Central planning, never out of fashion on the left, is now more popular than ever on the right thanks to the GOP’s populist takeover. Therefore, the repeated attempt to intervene in the credit card processing market finds greater support in the fresh Congress than in the previous one.

Interchange fees are charged by payment networks such as Visa and Mastercard every time you employ a credit card. The fees collected go to both the credit card service and the card issuer. Card issuers must maintain and improve payment networks, protect data, fight fraud and bear the risk of debtor insolvency. Fees support cover all this.

Some merchants who benefit from accepting credit cards as a means of payment – namely attracting customers who prefer this convenience – have decided they do not want to incur these costs. As is often the case with special interests, they asked Washington to intervene on their behalf. Of course, they and their supporters claim that this will benefit society because their savings will supposedly be passed on to consumers in the form of lower prices.

This is how we got the Durbin Amendment, part of the 2010 Dodd-Frank Act. This price control measure confined the fees debit cards could charge. Since then, Senator Dick Durbin of Illinois has wanted to expand the idea to credit cards. So far this has not happened.

Enter the Credit Card Competition Act sponsored by Senator Durbin. It’s an attempt to lower credit card fees in a slightly different way: Instead of directly controlling prices, it would amend the Electronic Funds Transfer Act to force the Federal Reserve to require banks to add at least one additional payment network to their payments. cards. Supporters – including a handful of Republicans, such as Ohio’s freshman senator and populist conservative J.D. Vance – argue that the additional competition requirement will lead to lower costs for sellers and, ultimately, consumers.

However, there is no reason to believe this, and very good reason to fear that harmful, unintended consequences will arise. This is not idle speculation; We’ve already seen this happen with debit cards. After the Durbin Amendment was passed, a study by the Federal Reserve Bank of Richmond found that almost no savings were passed on to consumers despite retailers cutting fees by $145 billion.

The Durbin Amendment did not support customers and appears to have harmed them. This has led to the widespread elimination of debit card rewards programs and fewer banks offering free checking accounts. The number of people without a bank account increased by approximately 1 million people. Some of this is likely to happen again if more central planning for credit cards is adopted.

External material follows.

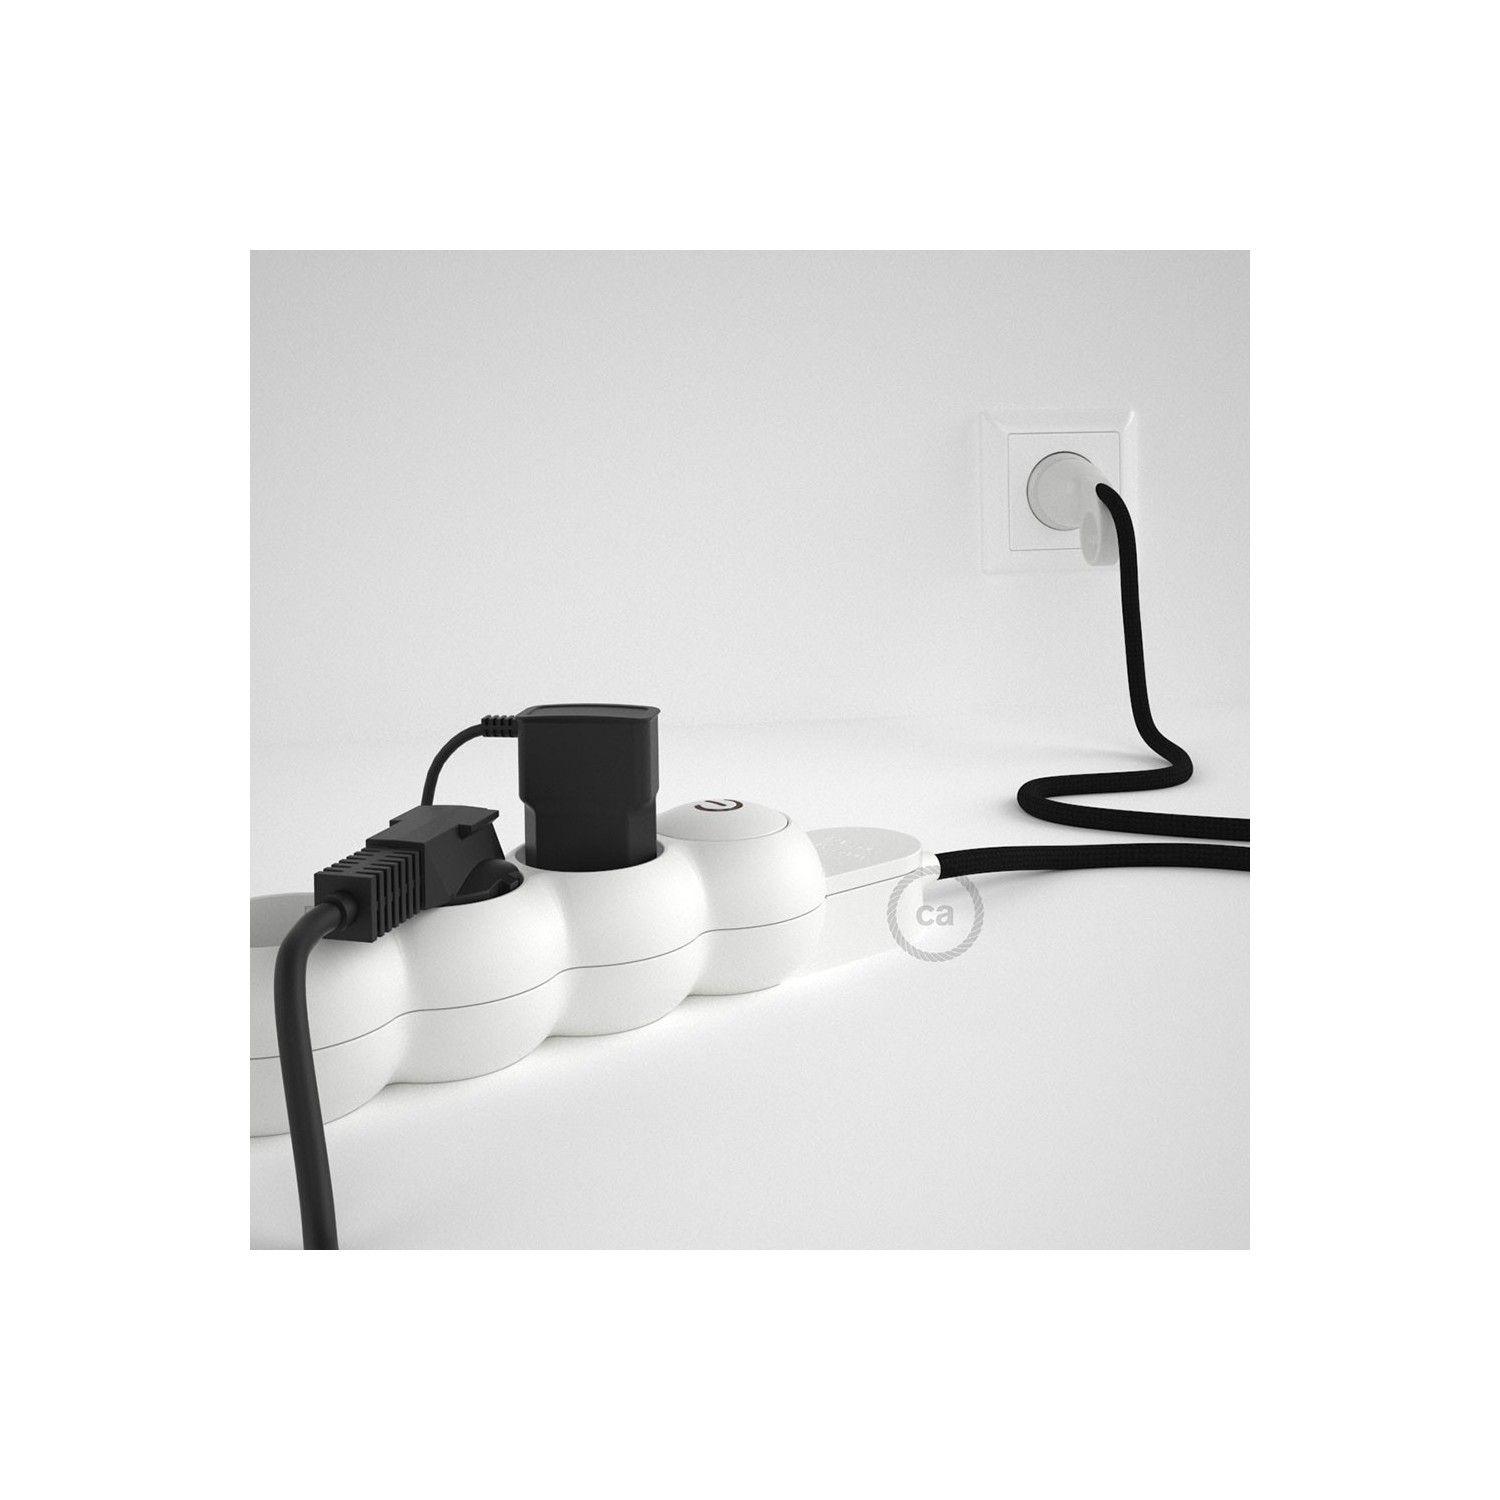 Prodlužovací textilný elektrický kabel - RM04 černý - se 4 zásuvkami a Schuko zástrčkou.

No wonder it’s not just about petite businesses. These efforts are mainly supported by Walmart and Target, which stand to gain billions of dollars in additional revenue. Higher revenues for huge box stores are not a problem in themselves, as long as they are the result of better customer service. However, this government-induced enhance in vast corporate profits would occur as a result of reduced bank revenues and the consequent removal of card networks favored by some consumers, further reducing competitive differences between card products and popular credit card rewards programs.

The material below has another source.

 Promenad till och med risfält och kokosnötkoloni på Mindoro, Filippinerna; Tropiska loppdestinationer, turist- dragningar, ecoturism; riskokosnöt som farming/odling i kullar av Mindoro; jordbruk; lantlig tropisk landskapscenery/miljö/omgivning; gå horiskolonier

As explained by The Points Guy, a popular website devoted to consumer credit cards and travel benefits, “if this bill becomes law, it could radically change the rewards ecosystem. This may impact your ability to earn (and redeem) points and miles for travel or earning money on your back, which could offset some of your everyday expenses.”

This is also an example of the outrage that theater politicians inflict on us. Think how strange it is that Vance agreed to Target’s offer after declaring he would no longer shop there due to the company’s revival program. While it’s fun to expose inconsistencies on the part of legislators, what worries me is that fewer and fewer people are upholding this economic basis:

Central planning fails because it would require the mind of God to succeed, and yet planners are human. Even if they were not susceptible to corruption, they would never obtain enough information to outperform the market, which consists of countless pieces of detailed knowledge of consumers and sellers signaled through prices. Interfering with the market process, whether through direct or indirect price control, inevitably produces unintended consequences.

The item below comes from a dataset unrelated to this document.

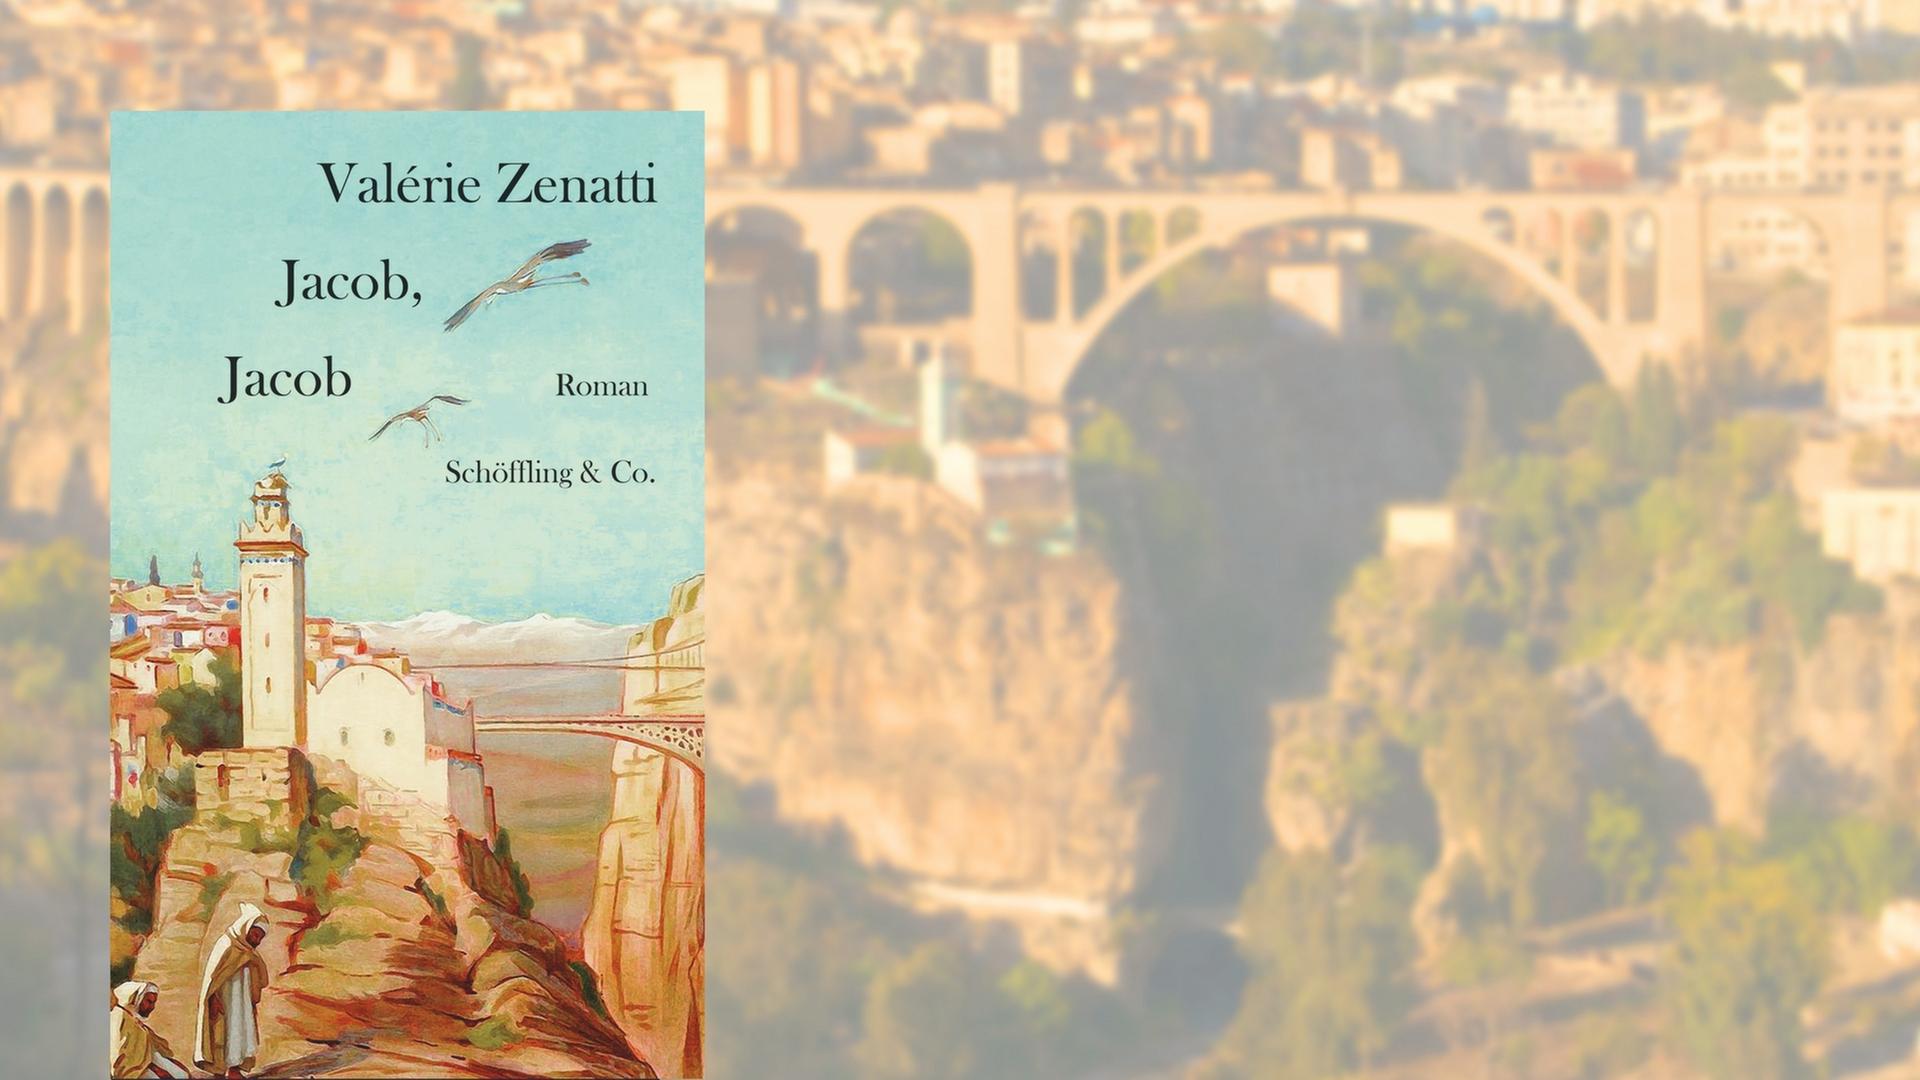 Buchcover von Jacob, Jacob vor einem Bilder der Stadt Constantine in Algerien, die auch auf dem Cover abgebildet ist.

Left to its own devices, the market has found a balance between card issuers and merchants. Politicians who interfere to favor one side or the other will, as usual, cause unpleasant surprises.

Veronique de Rugy is the George Gibbs Chair in Political Economy and a Senior Research Fellow at the Mercatus Center at George Mason University. To learn more about Veronique de Rugy and read articles by other Creators Syndicate writers and cartoonists, visit the Creators Syndicate website at www.twórcy.com.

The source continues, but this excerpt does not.